Description of the task:
Leaving all pictures out, output exactly and only the line containing "green shirt and" and the lines that follow it to the end of the material below.

Data excerpt:
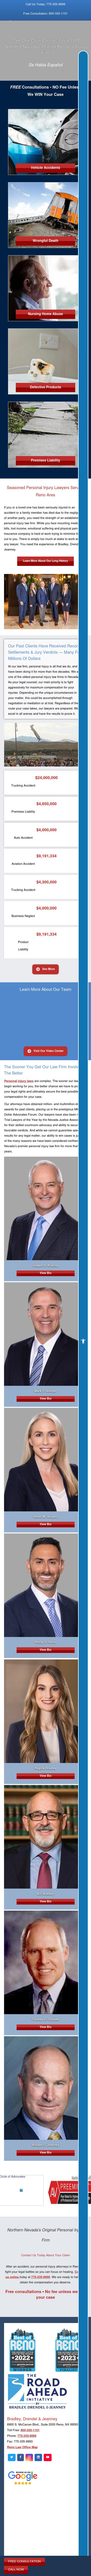 Bradley Drendel & Jeanney - Reno NV Lawyers
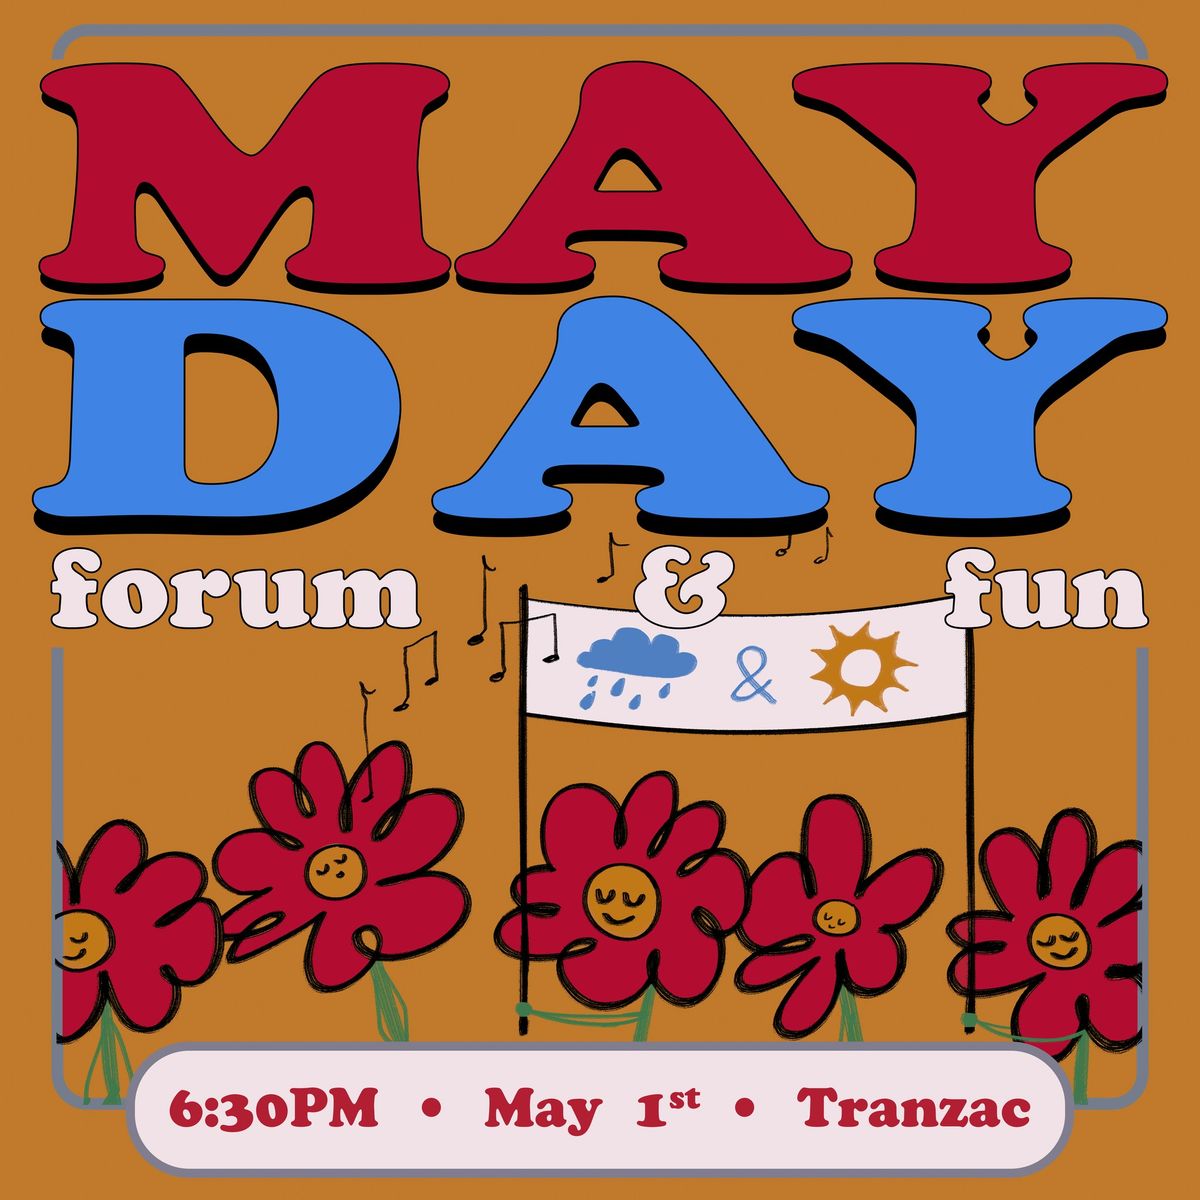 May Day forum & fun
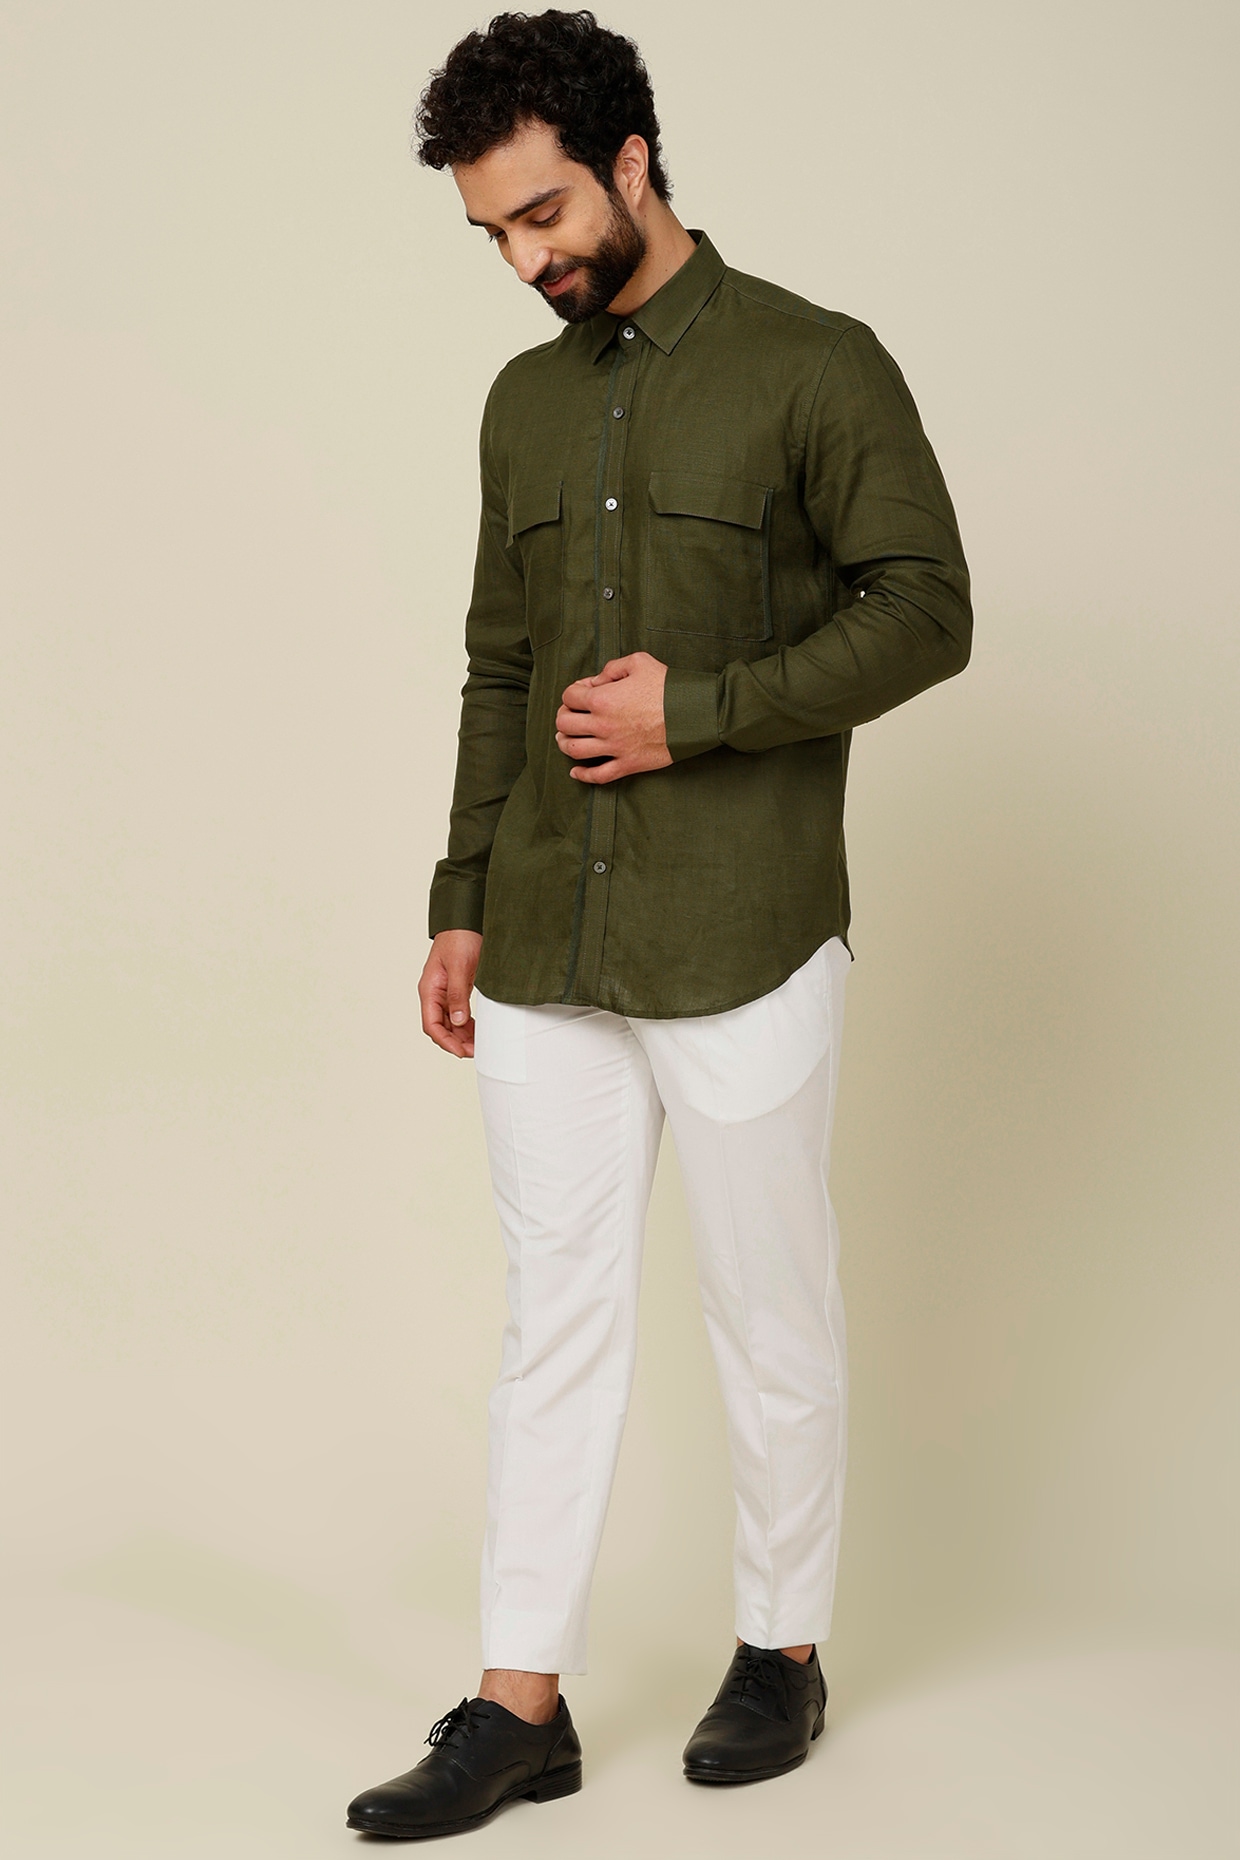 green shirt and brown pants Saiyan fashion clothing
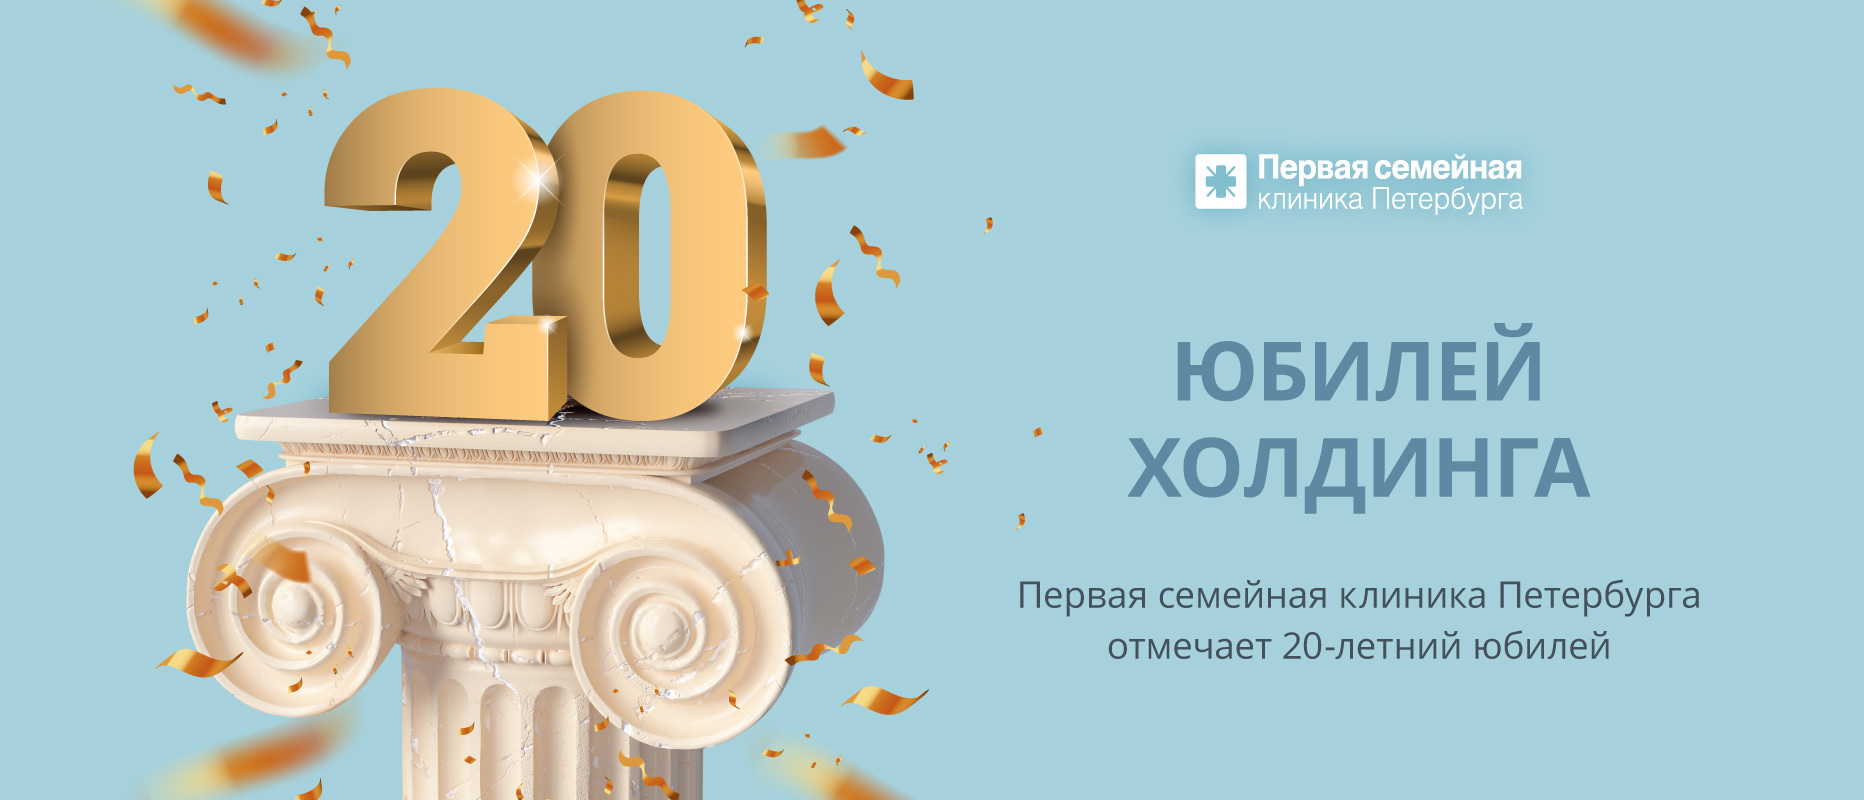 17 января медицинский холдинг «Первая семейная клиника Петербурга» отметил свой 20-й День рождения!

Reply:
 green shirt and brown pants Saiyan fashion clothing
 17 января медицинский холдинг «Первая семейная клиника Петербурга» отметил свой 20-й День рождения!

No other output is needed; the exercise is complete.